After more than 100 years of history, Morrill Hall has reached the beginning of the end.
Workers began dismantling the building Monday after completing phase one of its demolition last month by removing asbestos and other hazardous materials. The leveling process has left a large hole at the top of the building.
A fire ignited in the top floor of Morrill Hall last month, with no reported injuries. The case underwent investigation, only to be closed a few days later with the cause of the fire listed as unknown. However, the incident did not derail demolition, MSU police Sgt. Florene McGlothian-Taylor said in a previous interview.
The decision to tear down the building came from the MSU Board of Trustees in 2010, when after further inspection, the wooden framing was found to be unsafe. With much of the framing rotten through, there no longer is an inner structure to replace, which would have made for costly repairs.
History professor David Bailey, whose office remained in the building for more than 30 years, said the deterioration might have happened due to lack of funding when Morrill Hall, formerly known as the Women’s Building, was built in 1899.
“In a way, MSU never, until recently, had the funds to build buildings properly,” Bailey said. “It looked like it was sturdier than it turned out to be.
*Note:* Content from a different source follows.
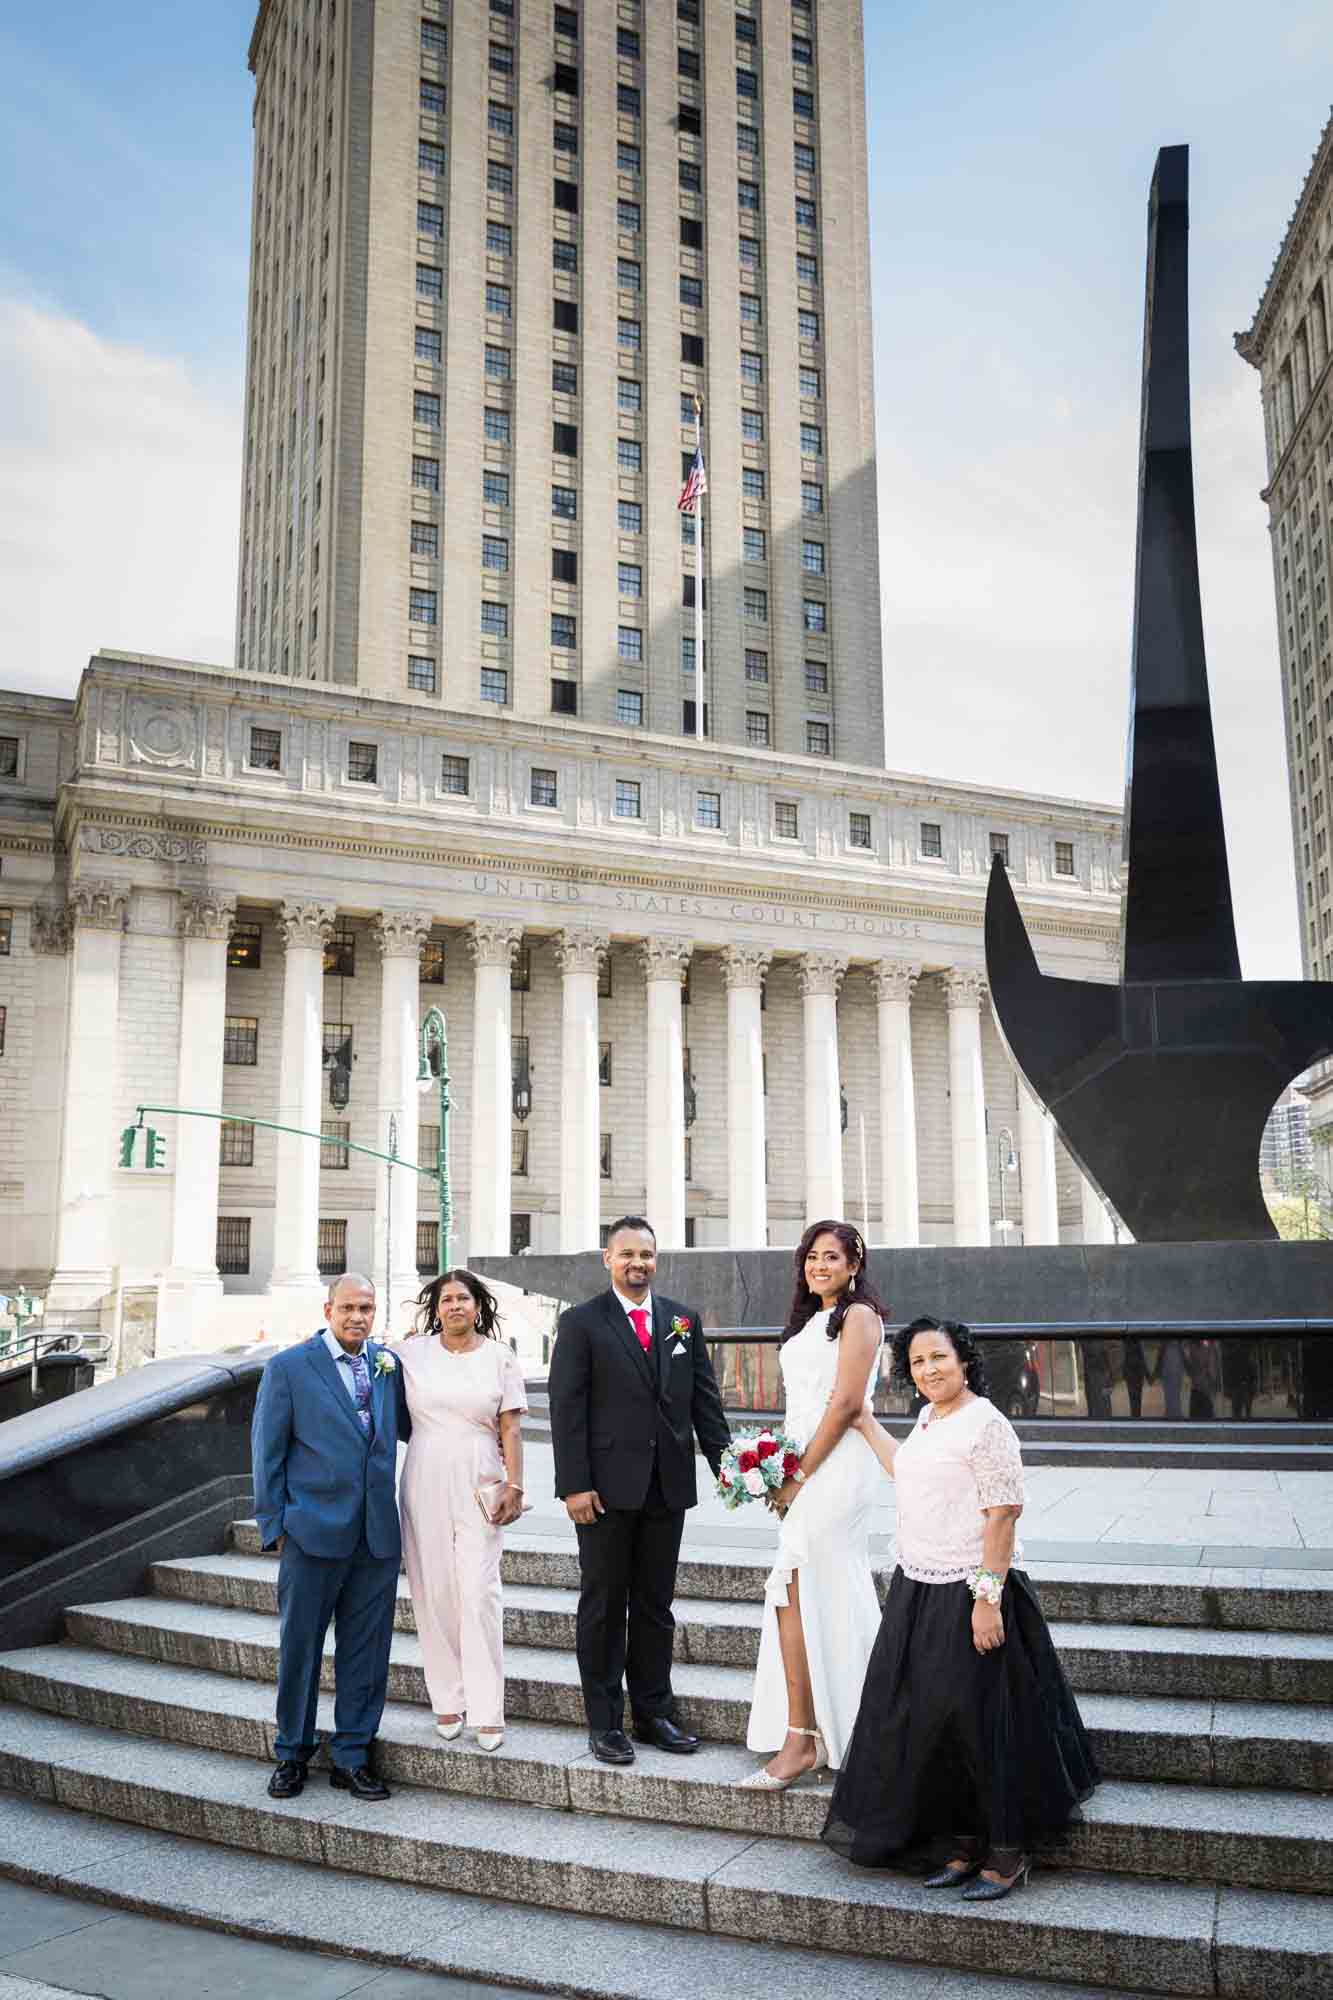 Bride and groom and family on stone steps in front of building and sword statue  at a NYC City Hall wedding

It turned out to be an icon of its era, when MSU at that point was barely scraping money together to put buildings up.”
All offices, including Bailey’s, were removed from the building by December 2012. Despite its decline, he said Morrill Hall provided its own set of comfort.
“It’s sort of nasty and grim, but it’s very familiar and in its own way … it’s kind of wonderful,” he said.
MSU’s Office of Facilities Planning and Space Management, along with Infrastructure Planning and Facilities, could not be reached for comment.
Morrill Hall will be completely demolished by July, when reconstruction efforts will begin. The cleared area will be made into a park with green space, which will incorporate pieces of the building itself.
The $1 million project is slated to be complete by September.